Мне лично не импонирует разделение мажоритарщиков и списочников. У нас одна общая программа. Видимо, это невозможно искоренить, потому что в умах людей эта риторика постоянно используется.
— А кейс Дубневича, когда часть фракции не голосовала за арест?
— У нас было очень много противников этого голосования. Но не нужно искать конспиративные теории и группы влияния. Очень много наших юристов приходили и говорили, что это плохо оформленная история и не нужно за нее голосовать. Часть юристов мы переубедили, потому что есть решение фракции, и ты должен голосовать. А часть юристов все равно не захотела. Еще часть людей говорила, что это показуха. Говорили, в чем смысл задержания с отпусканием на следующий день под залог. Это раздражает электорат.
— Без фракции Голос ареста бы не было, и был бы провал. Провал голосования по аресту в Раде не будет раздражать избирателя?
— За провалом голосования в Раде следит ограниченное количество электората, то есть те, кто активно интересуется политической жизнью. А обычный электорат говорит: «Пришла весна — хочу посадок». И когда он видит, что люди выходят на следующий день под залог, он воспринимает это как договорняк.
Поэтому часть наших депутатов сказали, что не хотят в таком участвовать. Или заявили, что давайте выполним наше предвыборное обещание и отменим залоги для коррупционеров. Эта тема активно обсуждается внутри фракции. Но юристы-международники говорят, что таким решением мы спровоцируем большое количество исков в Европейский суд по правам человека, и Украина будет выплачивать довольное крупное денежное вознаграждение этим «узникам».
«Лучше десять групп влияния внутри Слуги народа и сотня конфликтов, чем отдать кому-то должность или предприятие за результативное голосование»
— У Вас во фракции 254 человека вместе президиумом. Вы изначально предрасположены к разногласиям и конфликтам. Глупо отрицать, что есть «слуги», на которых влияет Коломойский или другие факторы. Почему Вы их сейчас просто не исключите, чтобы они не отравляли вашу фракцию изнутри?
— Вопрос об исключении людей из фракции постоянно витает в воздухе. У нас есть программа экономического роста, где нужно принимать сотню законов. И в конце мы сталкиваемся с простыми вещами. Если нам не хватит даже пяти голосов, чтобы принять закон собственными силами, нам придется вступать в договорняки с другими политсилами. Попытки обсуждать условия этих договорняков приводят меня к мысли, что лучше у нас будет еще десять групп влияния внутри, еще сотня конфликтов, но это наши люди, и мы с ними договоримся значительно быстрее. И не будем отдавать им никаких должностей и предприятий.
— Разве во время голосования за Дубневича Голос требовал какие-то предприятия?

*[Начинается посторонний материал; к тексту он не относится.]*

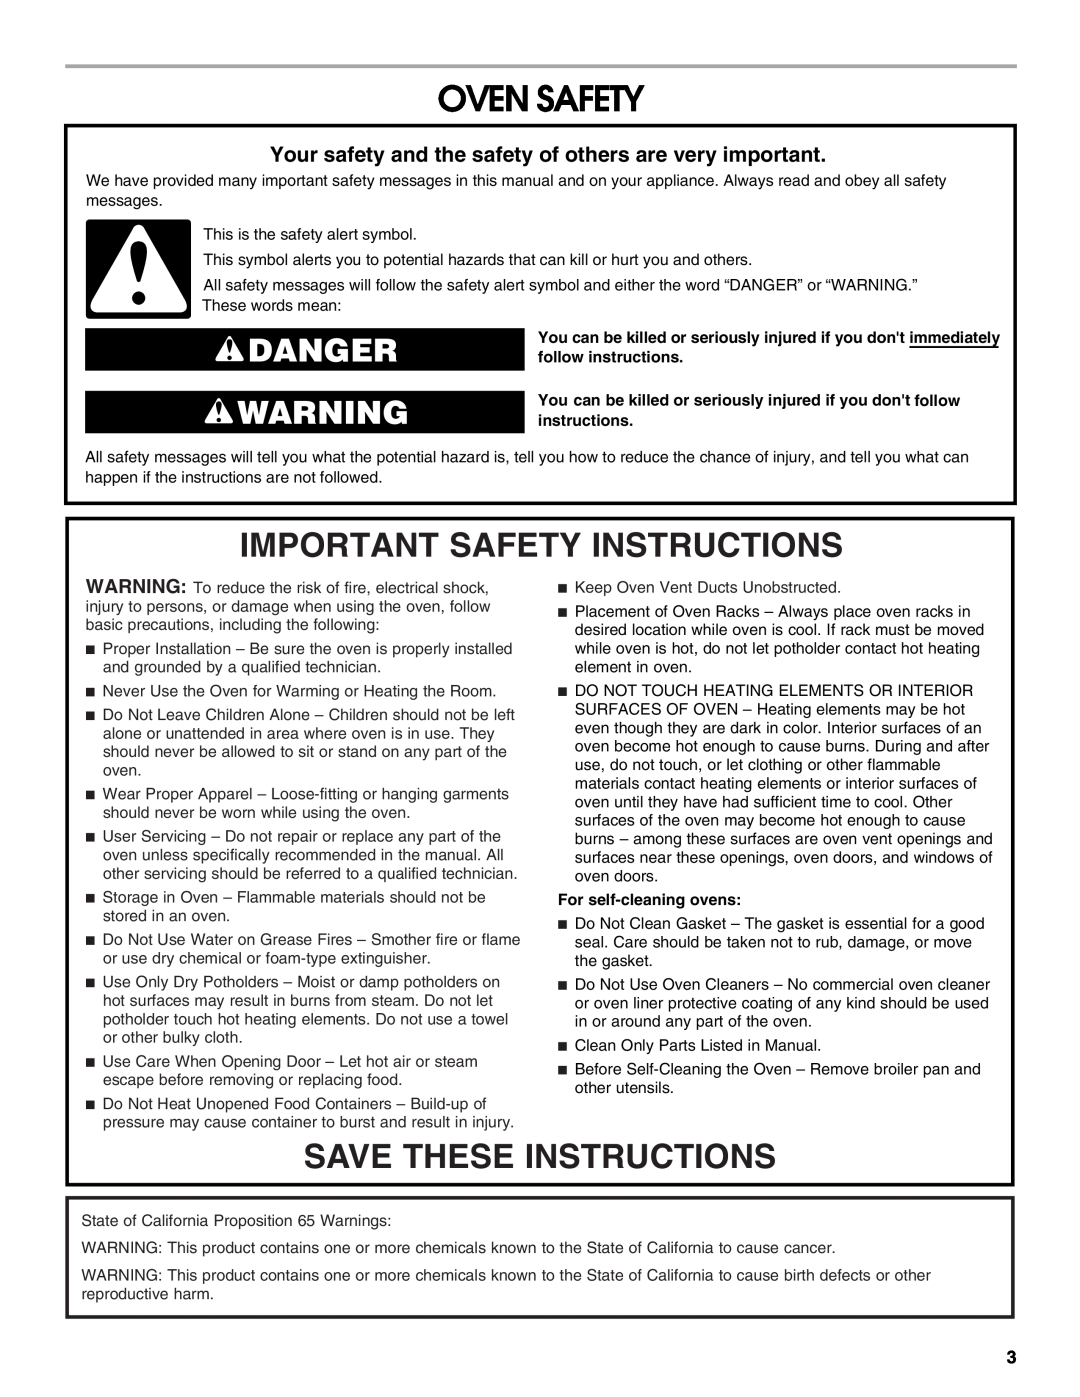 Jenn-Air JJW3830 manual Oven Safety, Important Safety Instructions, Save These Instructions, Danger

— Нет, с Голосом у нас плюс-минус хорошие коллаборации на уровне идеологии. Если есть какая-то прогрессивная история, то они с удовольствием поддержат, ничего не просят взамен. Поэтому лучше это сделать внутри (договариваться внутри Слуги народа — ред.), в том числе при помощи Голоса. В противном случае эти группы влияния внутри СН вам покажутся детским лепетом. Хотелки, которые озвучивают другие люди в Раде, страшно слышать.
— Еще в сентябре Вы говорили о группах влияния, которые пытаются «взять слуг на довольствие». Чуть позже Вы заявили, что эти группы влияния предлагают нардепам заболеть за $30 тысяч. Имеет смысл озвучить, кто эти группы, чтобы отбить у них желание продолжать?
— Вы напрасно думаете, что если на них направить свет, то они растворятся. Люди опытные, смысла нет. Мы пытаемся выруливать. Если бы две недели назад во время какого-то скандала вы сказали мне, что надо кого-то выводить из фракции, то сегодня я скажу, что у нас фракция едина как никогда.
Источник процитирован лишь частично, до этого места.